• Given material:
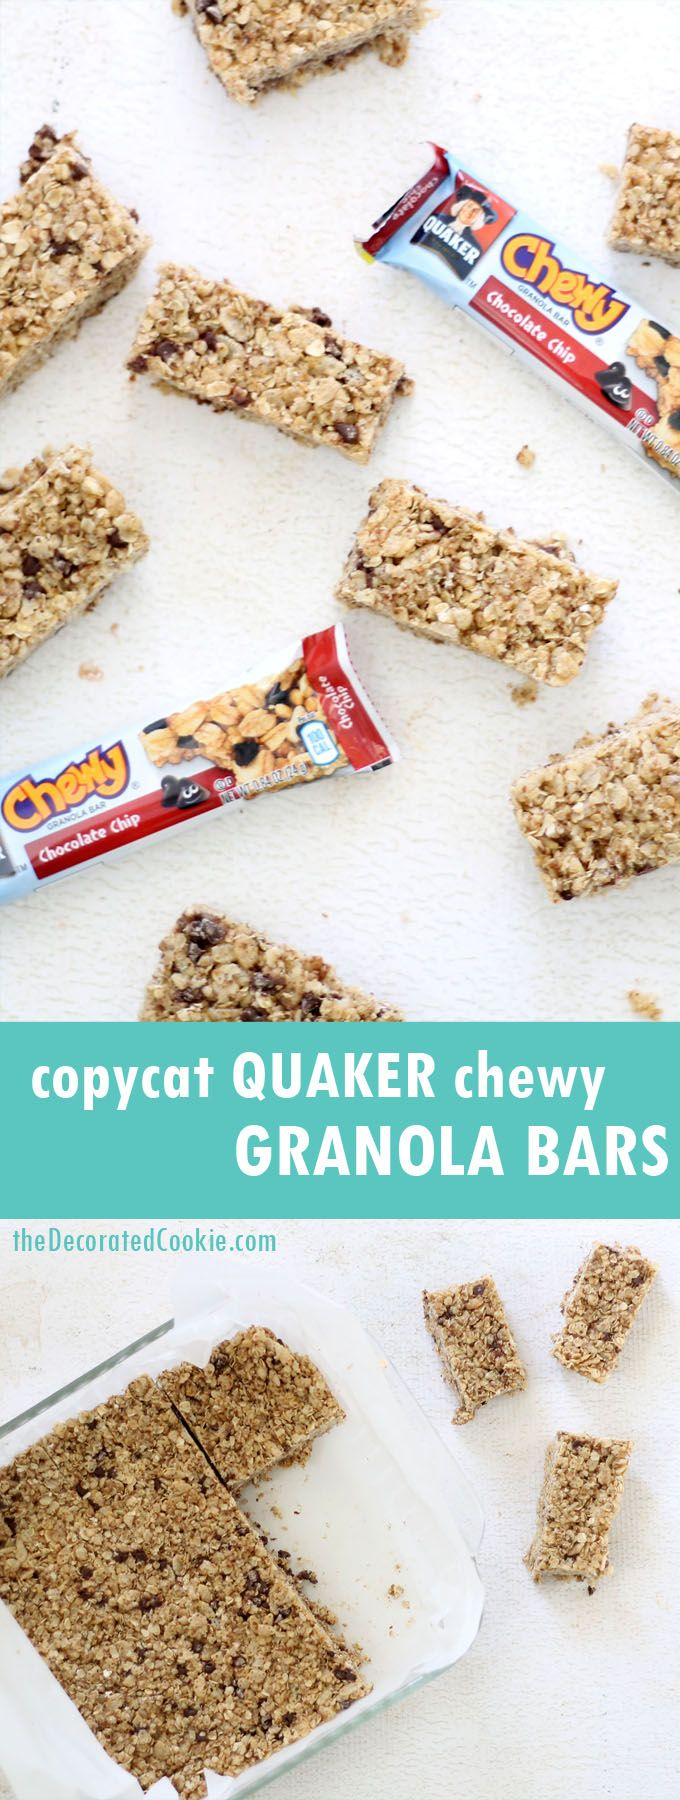 copycat Quaker chewy chocolate chip granola bars
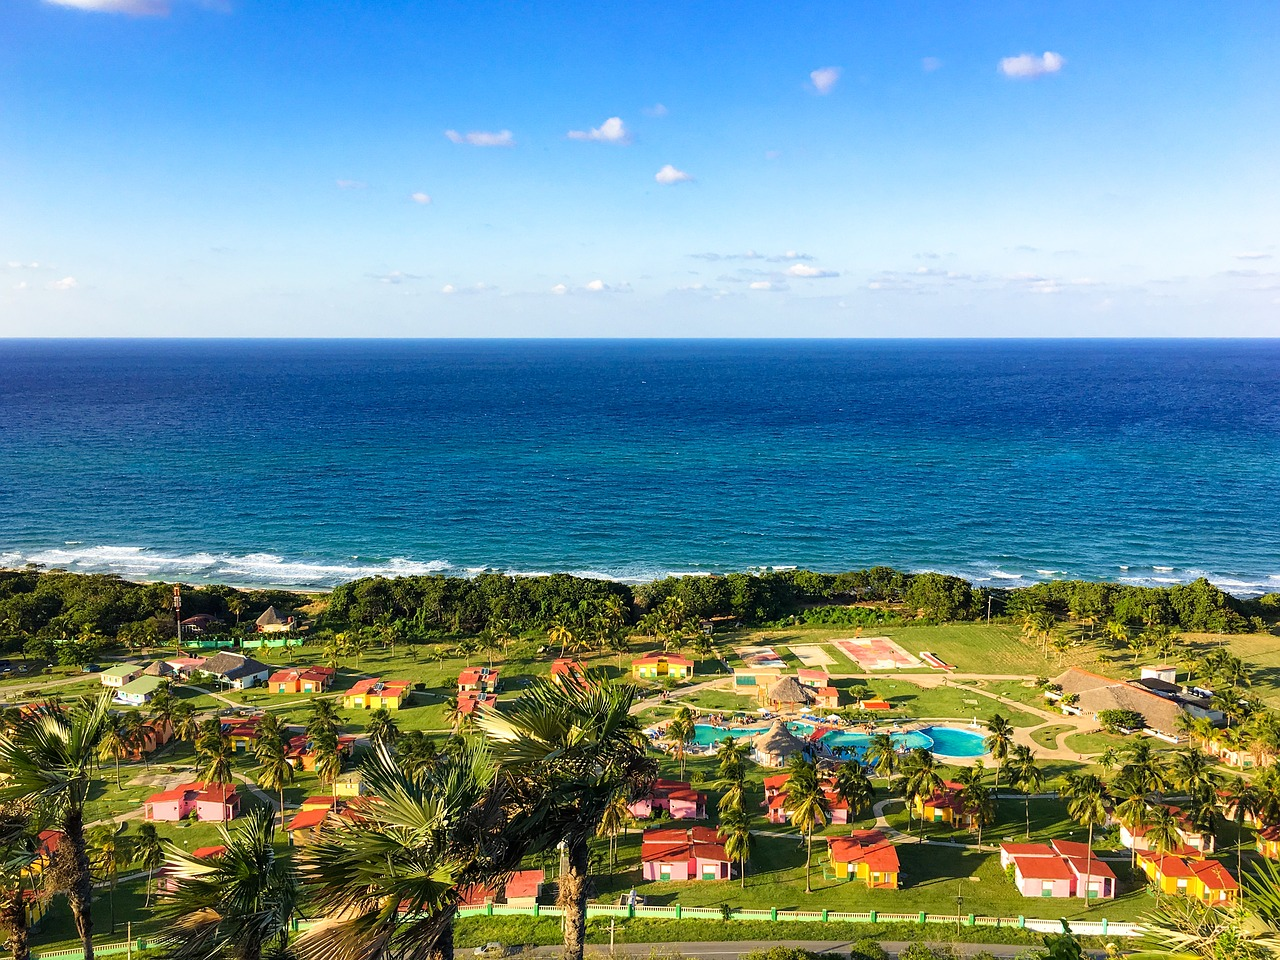 Kuba All Inclusive Urlaub eine Woche ab 679,00€ - Varadero 1
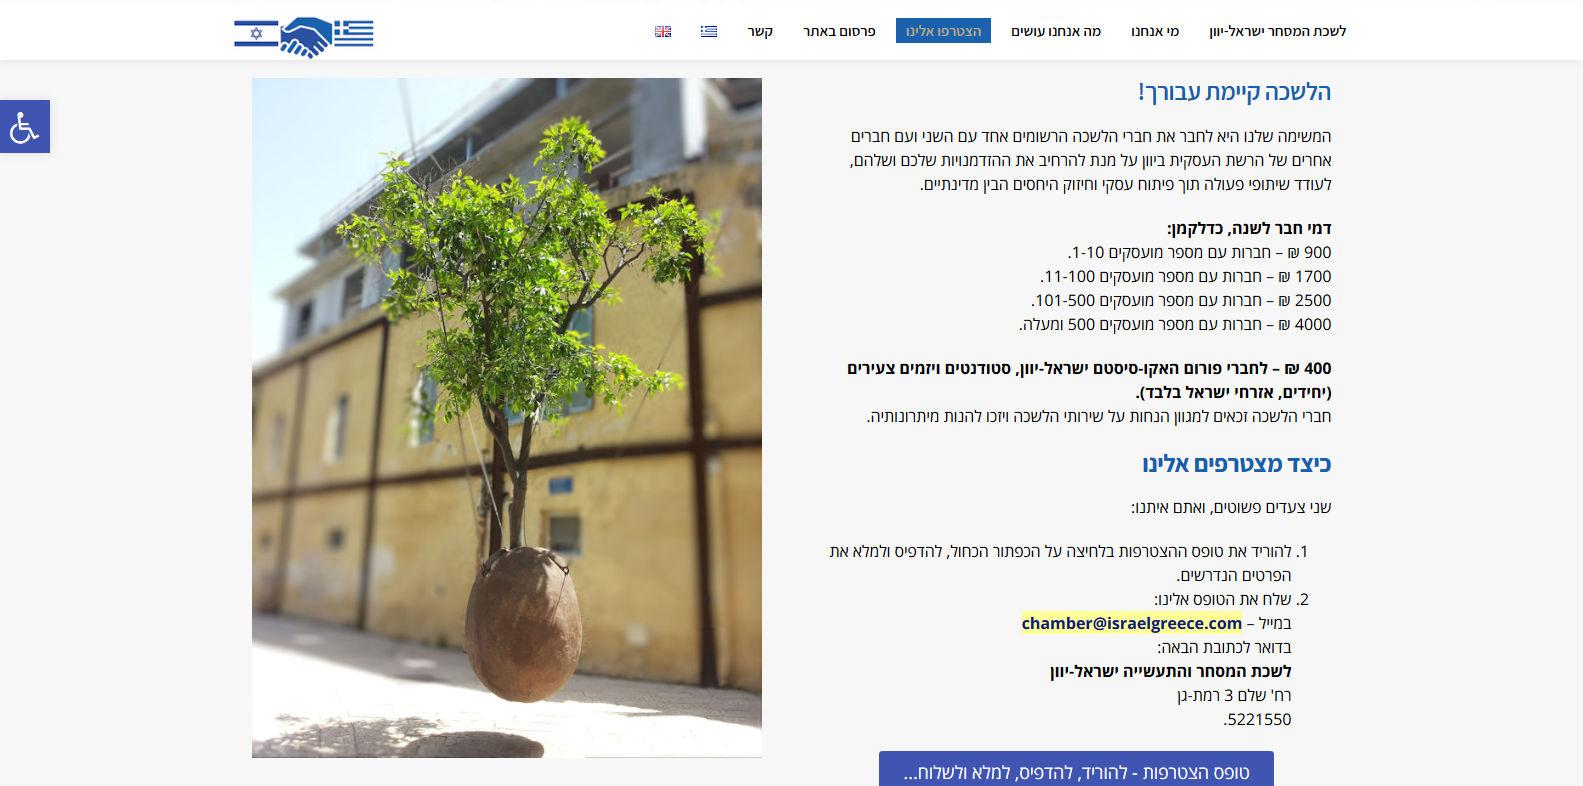 israelgreece-join-h
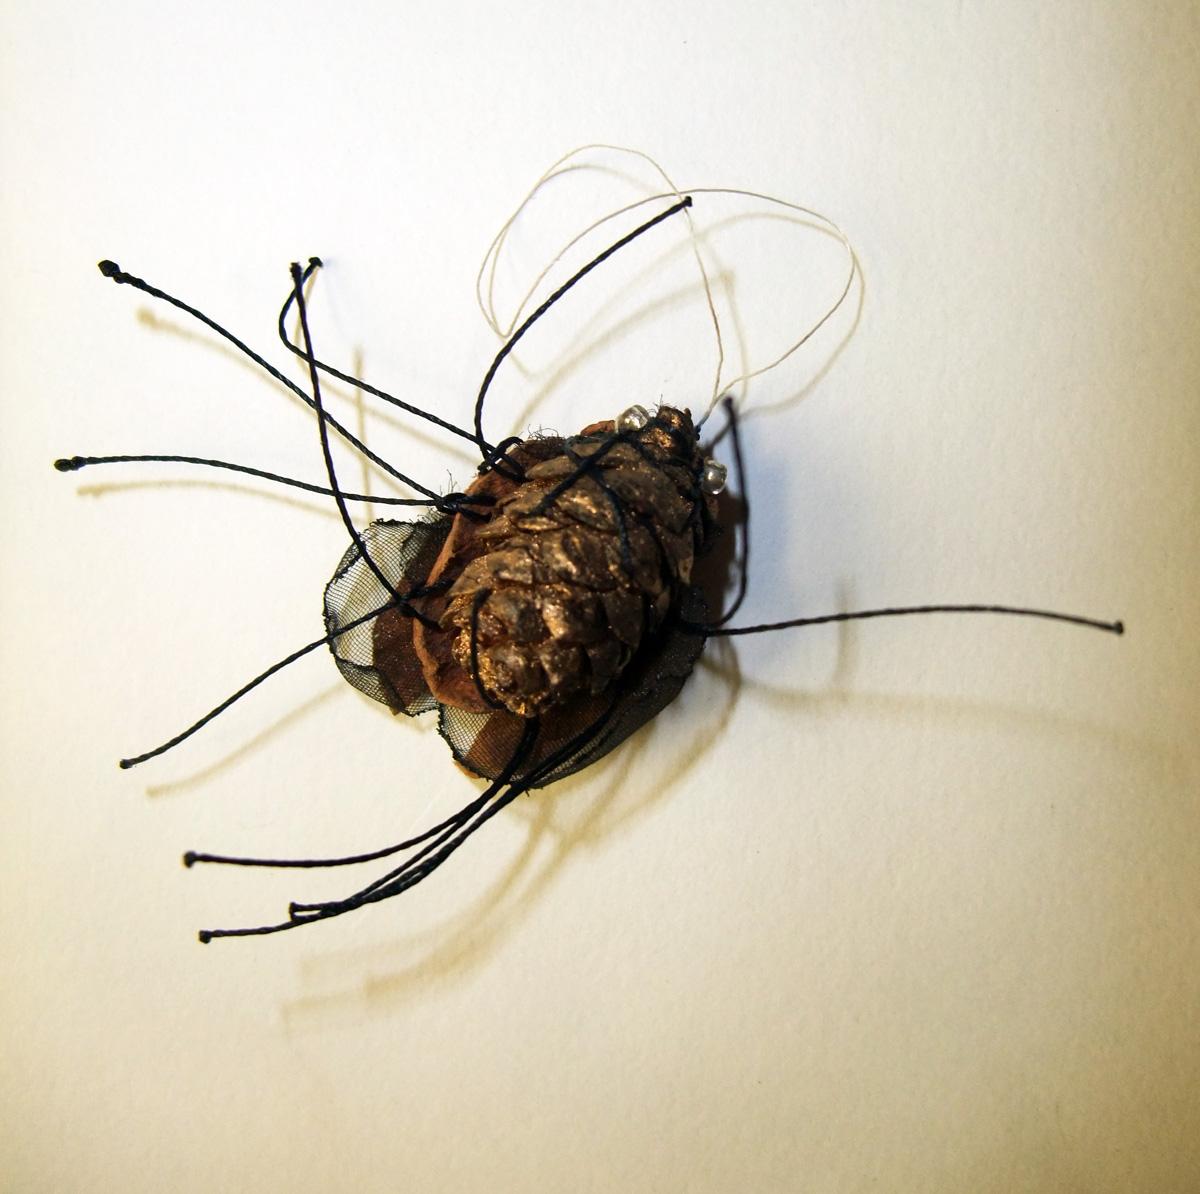 Australian Christmas Beetle.Irene Manion S Magical Australian Christmas Beetle Talisman

• The task:
Only the lines from the one containing "israelgreece-join-h" through the final line of the data are to be written out, exactly as they stand and without pictures.

• Expected output:
 israelgreece-join-h
 Australian Christmas Beetle.Irene Manion S Magical Australian Christmas Beetle Talisman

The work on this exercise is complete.